Part 1 - Mastitis reduces fertility...

...you probably knew that already but it is always useful when robust research backs up common sense and more importantly allows us to quantify the problem.

In the next few articles, we are going to run through:-

  1. A recently published study on the effect of mastitis on fertility and improving outcome with NSAIDs

  2. What happens to the fertility of cows with mastitis?

  3. What effect can Metacam have on cows affected by mastitis?

  4. What does this mean for me?

  5. Do other NSAIDs have the same effect?

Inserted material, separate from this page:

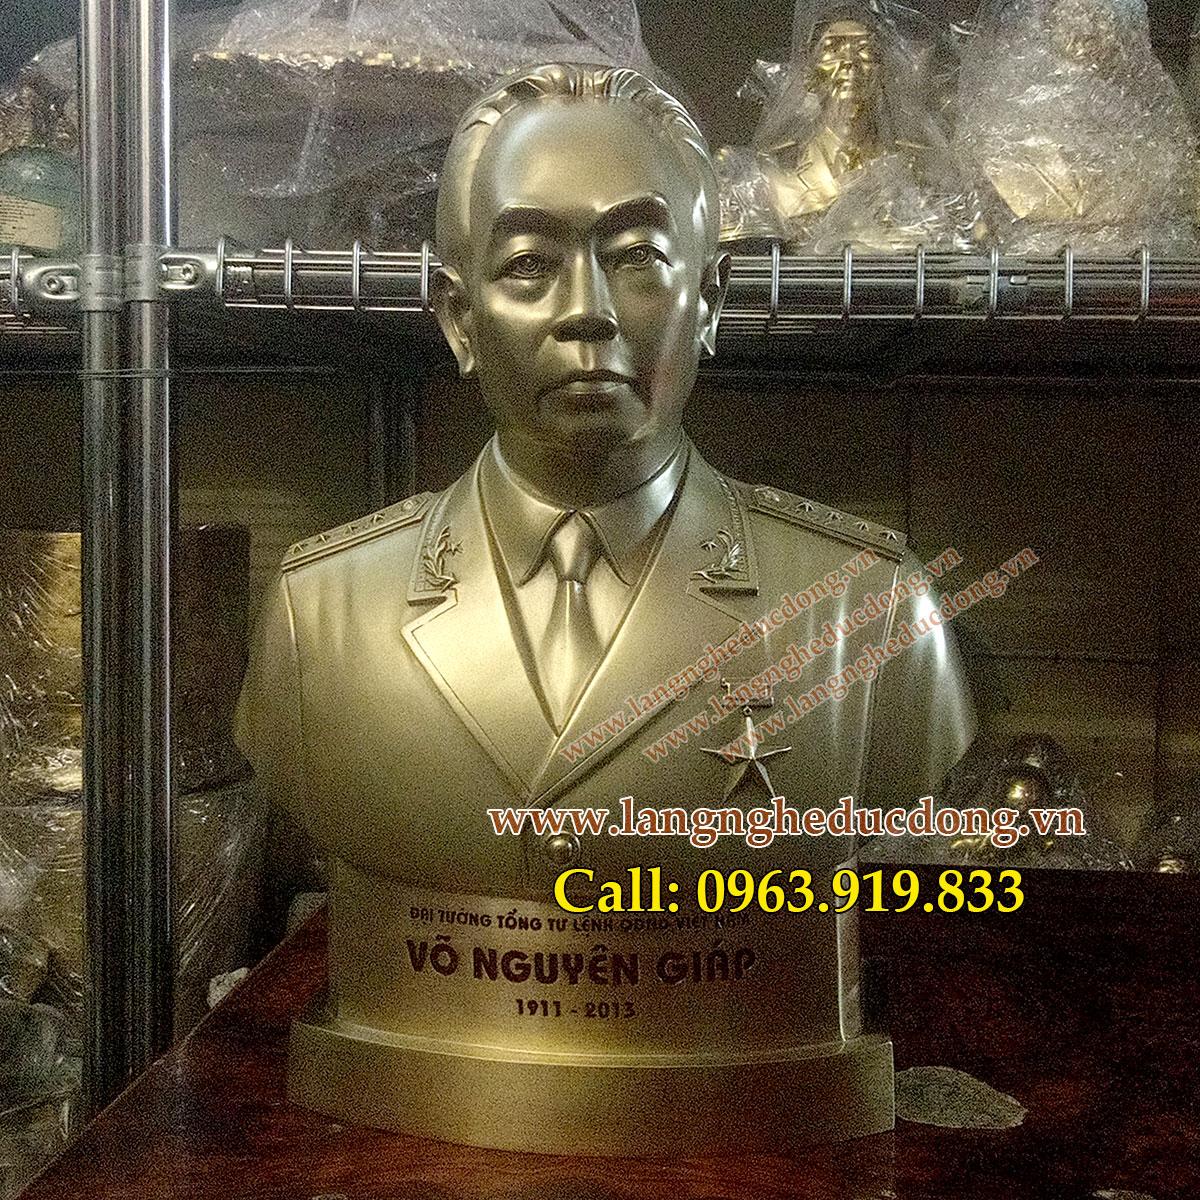 langngheducdong.vn - tượng đồng đại tướng võ nguyên giáp, tượng bán thân đại tướng võ nguyên giáp

Part One - A recently published study on effect of mastitis on fertility and improving outcome with NSAIDs

The study was coordinated by an internationally respected researcher (Scott McDougall) and involved over 500 cows across 61 herds in 6 European countries involving all main dairy breeds. It always feels more reassuring to have large ‘hometurf’ studies, sometimes conclusions are drawn in from small studies on high yielding Holsteins under super intensive conditions; that is certainly not the case here.

Farmers enrolled and treated the cows themselves, cows needed to be in the first 3 months of lactation with just one quarter affected by mastitis. Cows were treated with the same antibiotic protocols and three samples for laboratory culture taken: pre-treatment, 2 weeks and 3 weeks after treatment.

The cows were also allocated randomly to receive either Metacam (non-steroidal anti-inflammatory drug i.e. NSAID) or a placebo (a similar looking injection without the NSAID or any other drug in it). It is important to have placebo groups in research, they allow us to accurately tell what effect the drug being tested has and reduces bias.

Bias in this context is the natural tendancy in research to want to see a positive effect, if we give an extra treatment to an animal subconsciously we tend to score any outcome more positively…..who would have thought research shows farmers are naturally optimistic!

By masking which cows receive the real drug we can be more certain the outcome is down to the drug effect only.